Ce fut le 25 février qu’on eut connaissance du traité à l’Ile Neuve, où Karroly, au retour d’un pilotage, en apporta la nouvelle.

Le Kaw-djer ne put retenir un mouvement de colère. Pas une parole ne lui échappa, mais ses yeux s’imprégnèrent de haine, et, dans un terrible geste de menace, sa main se tendit vers le Nord. Incapable de maîtriser son agitation, il fit quelques pas désordonnés. On eût dit que le sol se dérobait sous ses pieds, qu’il ne lui offrait plus un point d’appui suffisant.

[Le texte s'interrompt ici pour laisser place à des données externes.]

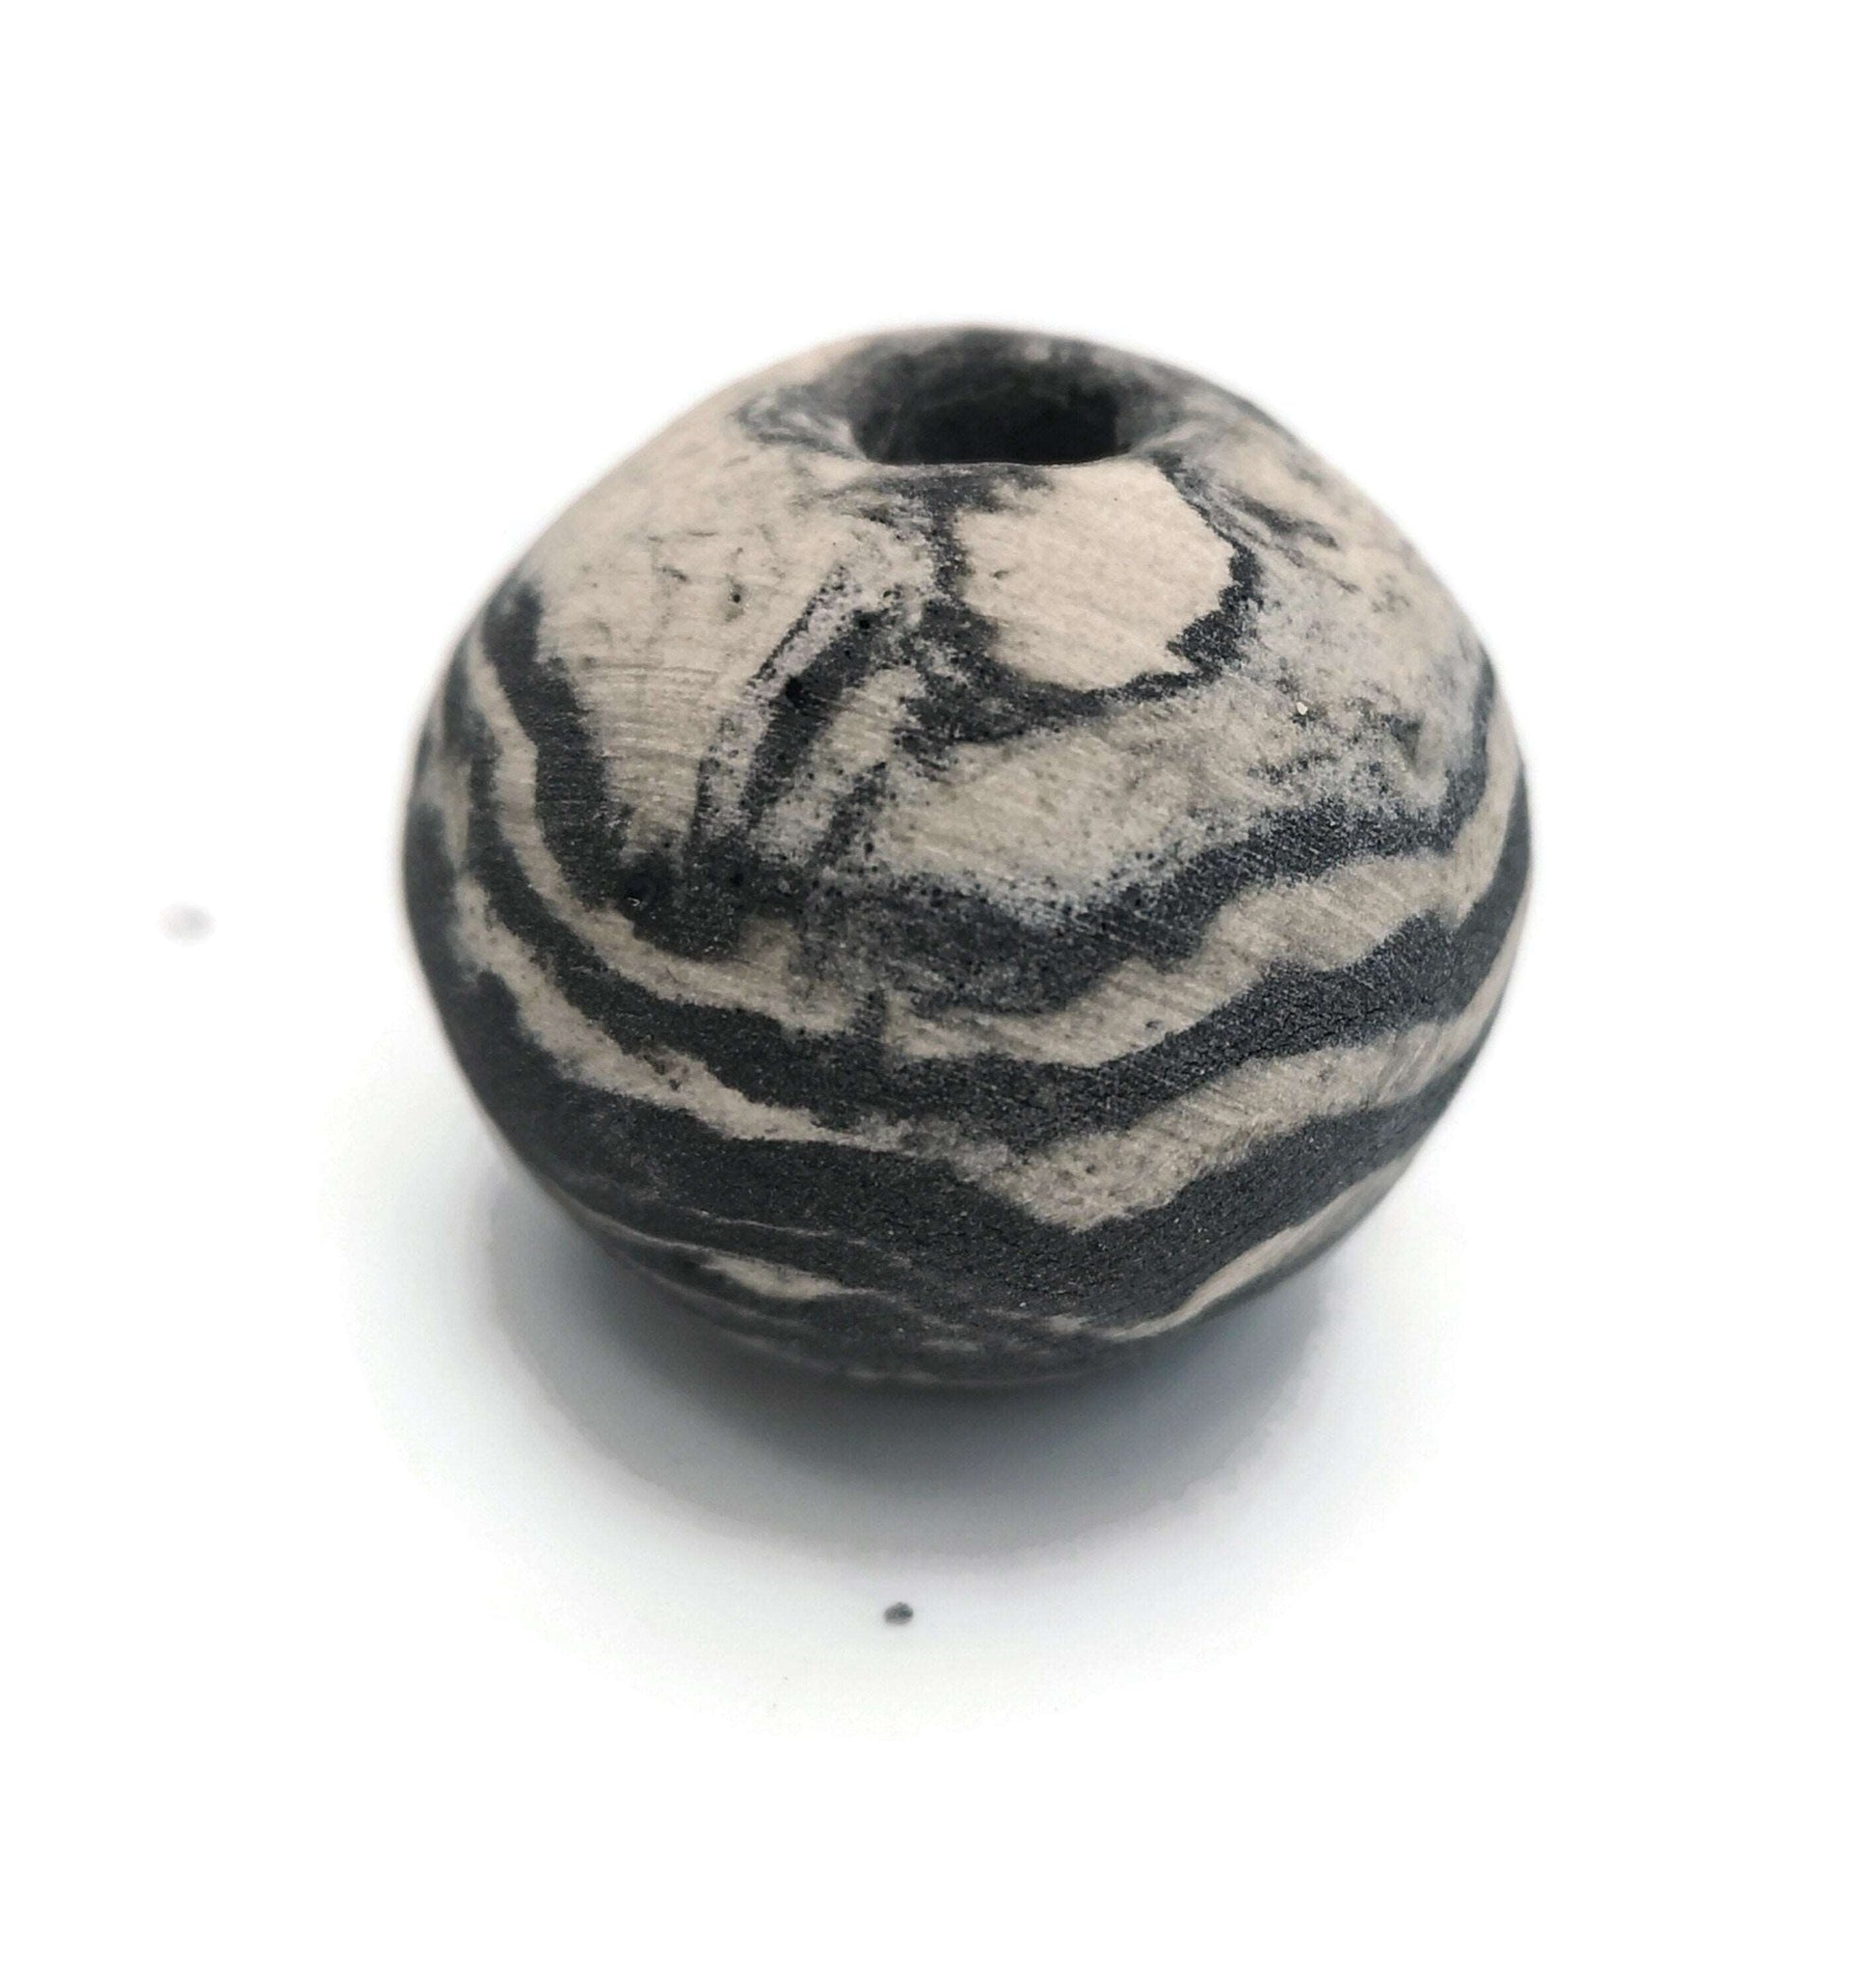 1Pc 30mm Handmade Ceramic Macrame Beads Large Hole, Extra Large Marbled Black And White Jewelry Making Supplies, Artisan Beads

Enfin, il parvint à reprendre possession de lui-même. Son visage, un instant convulsé, recouvra sa froideur habituelle. Il alla rejoindre Karroly et l’interrogea d’un ton calme.

«La nouvelle est certaine?

—Oui, répondit l’Indien. Je l’ai apprise à Punta-Arenas. Il paraît que deux pavillons sont hissés à l’entrée du détroit sur la Terre de Feu: l’un chilien au cap Orange, l’autre argentin au cap Espiritu Santo.

—Et, demanda le Kaw-djer, toutes les îles au sud du canal du Beagle dépendent du Chili?

—Toutes.

—Même l’Ile Neuve?

—Oui.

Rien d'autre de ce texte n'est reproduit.